Quienes escribimos, normalmente, necesitamos que alguien nos diga cuál es nuestro oficio porque arrastramos el síndrome del impostor todo el tiempo.

Al menos, hasta que nos publican en algún diario, sacamos una novela o ponen nuestra foto en una revista.

Dejad, los que aquí entráis, toda esperanza.

Estas palabras de color oscuro

Vi escritas en lo alto de una puerta;

Y yo: “Maestro, es grave su sentido”.

Y, cual persona cauta, él me repuso:

“Debes aquí dejar todo recelo;

Debes dar muerte aquí a tu cobardía.

Hemos llegado al sitio que te he dicho

En que verás las gentes doloridas,

Que perdieron el bien del intelecto”.

Extracto de Divina Comedia de Dante.

Lentamente, tras un periodo lento y laborioso, di respuesta a todas las incógnitas que me abrumaban y salí fortalecido, renaciendo como un fénix y cerrando una etapa a la que no desearía regresar, pero que me alegraba de haber vivido.

Un año después, uno de los cuadernos de notas de entonces se me abre por casualidad.

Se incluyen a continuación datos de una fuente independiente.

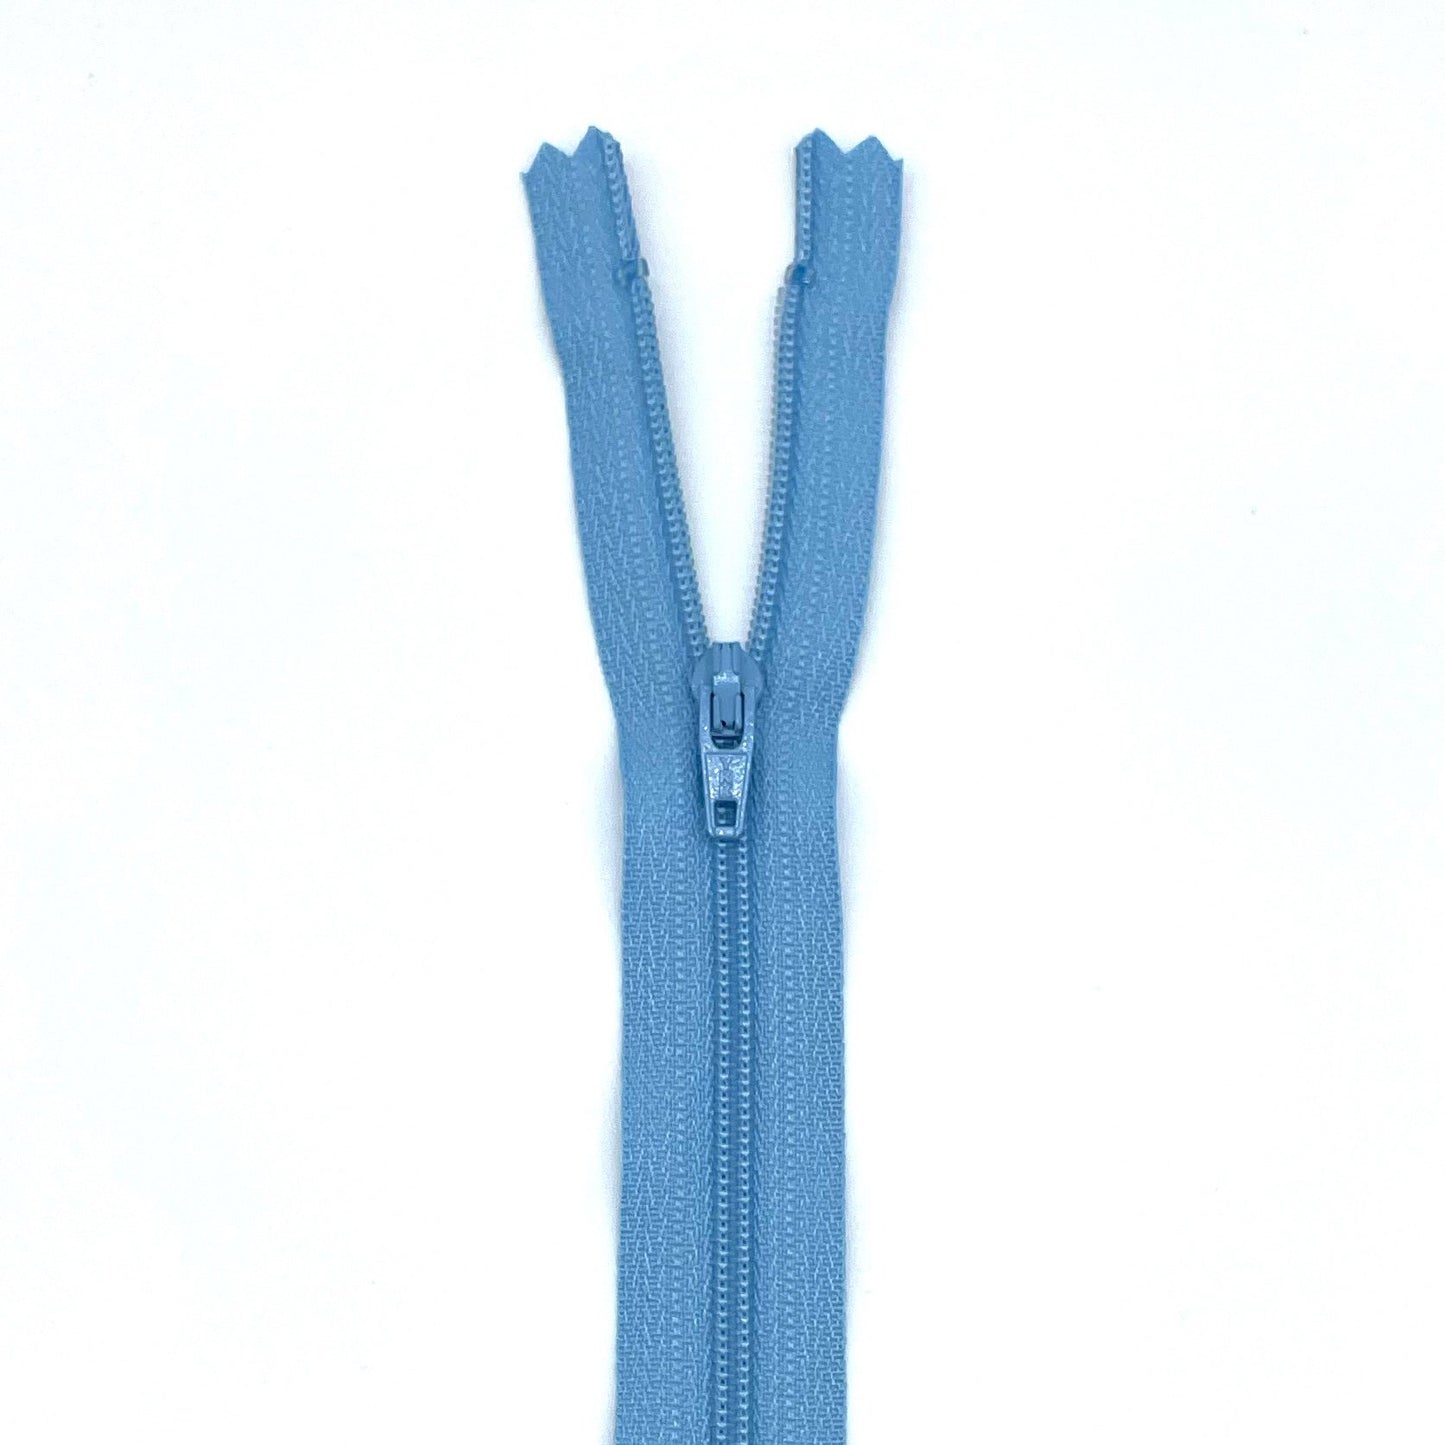 Skirt Zippers (up to 20cm/8")

Leo apuntes, oraciones que escribía entonces y me doy cuenta de lo importante que es pasar por momentos como esos.

Se habla mucho de salud física, la cual es importante, pero todavía la salud mental es un tabú en la sociedad.

Poco sé sobre los demás, aunque sé lo tuve dentro.

No necesitaba un terapeuta que me hiciera preguntas y me sacara los billetes cada vez que visitaba la consulta. No necesitaba a otra persona que me hiciera un diagnóstico. Lo mío fue una catarsis, una diarrea emocional que se curó con un poco de ayuno.

Una respuesta a veintisiete años de preguntas.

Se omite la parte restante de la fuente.